Ощущение неприкаянности оставляет и другой, гастрольный спектакль Театра драмы Комсомольска-на-Амуре «Папа», побывавший на сцене Театра Наций в качестве обладателя Гран-При двадцатого фестиваля театров малых городов России. Название, ассоциирующиеся с пьесой Флориана Зеллера и репертуарным спектаклем «Современника» с Сергеем Шакуровым, на самом деле, адаптация «Мещан» Максима Горького. Написанная более ста лет назад по заказу МХТ и помнящая десятки канонических постановок история о конфликте отцов и детей на сломе общественных формаций приобретает новое звучание, а фирменные, на разрыв аорты, горьковские поиски правды оборачиваются простой, но неотступной житейской драмой: опыт пожилых людей никому не нужен, а вот любовь и доверие детей довольно легко потерять... Потому что, как говорит один из гостей пятидесятилетнего «старика» и зажиточного мещанина Василия Бессеменова (Дмитрий Баркевич): «Старики — глупый народ. Он, старик, и видит, что ошибся, и чувствует, что ничего не понимает, но сознаться в том не может. Гордость! Жил, дескать, жил, одних штанов, может, сорок штук износил и вдруг — понимать перестал! Как так? Обидно! Ну, он свое и долбит — я стар, я прав. А куда уж?» Или вот такая постановка вопроса, — чем дурак отличается от умного?
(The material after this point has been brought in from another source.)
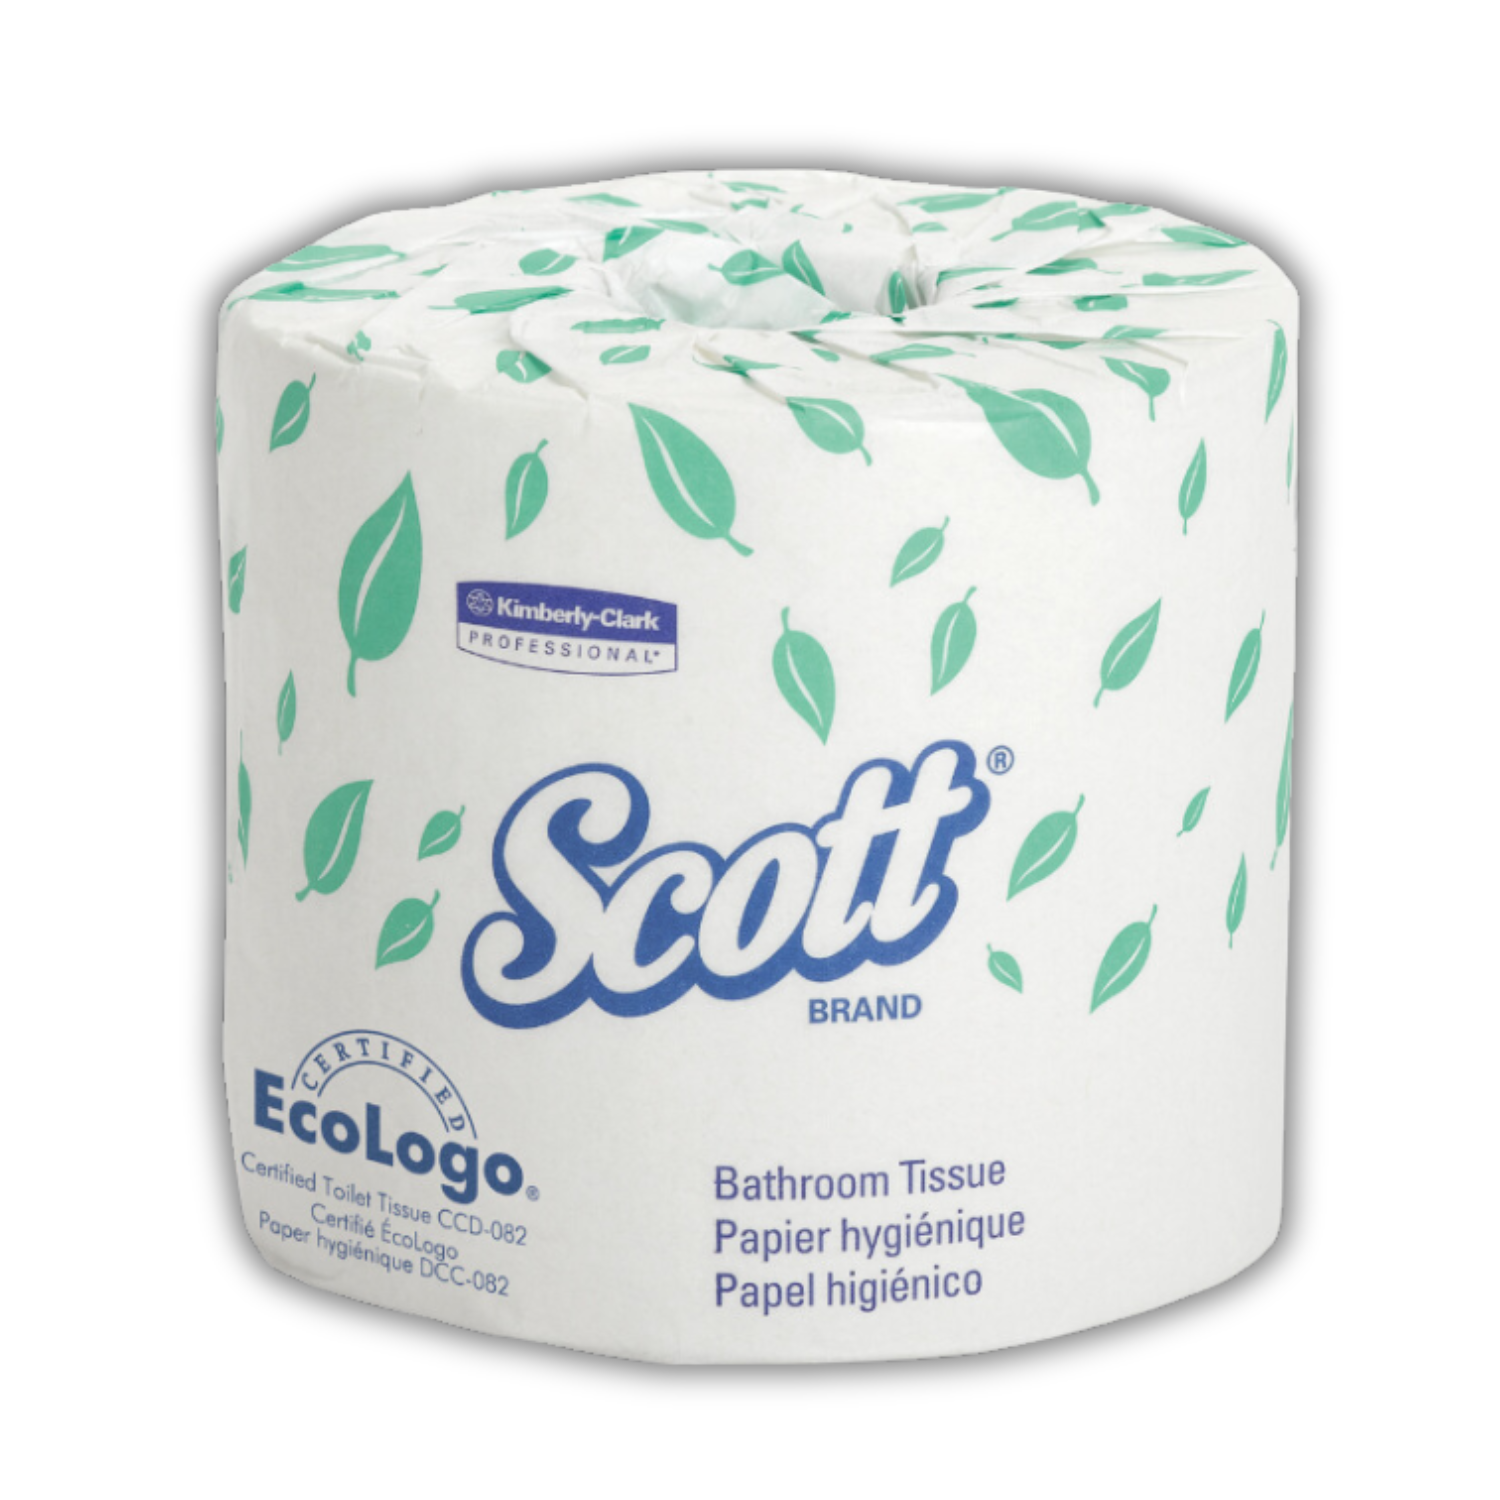 single roll of toilet paper wrapped in "scott" brand paper

Дурак выдумывает себе какую-нибудь любовь и носится с ней всю жизнь...
В числе недостатков постановки Дмитрия Акриша можно отметить излишнюю эмоциональность персонажей — кричат, там, где можно не кричать, бегают по сцене, срывают со стола скатерть, а жена Бессеменова Акулина Ивановна (Лариса Гранатова) то и дело пропускает крепкое словцо, особенно когда дело касается возлюбленной ее сына Пети, веселой вдовы Елены Николаевны. Которой, кстати, принадлежит стоическая философема: «Несчастных не люблю. Несчастья не боюсь. Ненавижу. Так бы растоптала бы». Она же определяет в двух словах духа дома, где чувствующие себя ненужными родители учат жизни своих повзрослевший птенцов — «Здесь вам расстроят душу». Среди достоинств пять раз номинированного на «Золотую маску» спектакля — выразительная и даже, простите за выражение, иммерсивная сценография. Сцены как таковой нет, актеры играют прямо в зале, зрители сидят в несколько рядов вокруг огромного, раздвижного стола-подиума, видимо, призванного цементировать эту пожираемую разладом ячейку общества и ее гостей. Все происходит в черно-бело-сером монохроме, дыму и на фоне крупных персонажей, проецируемых на огромные экраны в виде парных, меняющих выражения лиц портретов. Такое вот погружение в психическую реальность скандалящего семейства. Жаль родителей, — «кричат-то не зла, а по душе», жаль торопливо разлетающихся детей (абы с кем, абы в какую жизнь, но в свою), но больше всего жаль тех, кто воспримет грустные спектакли как психологический инсайт.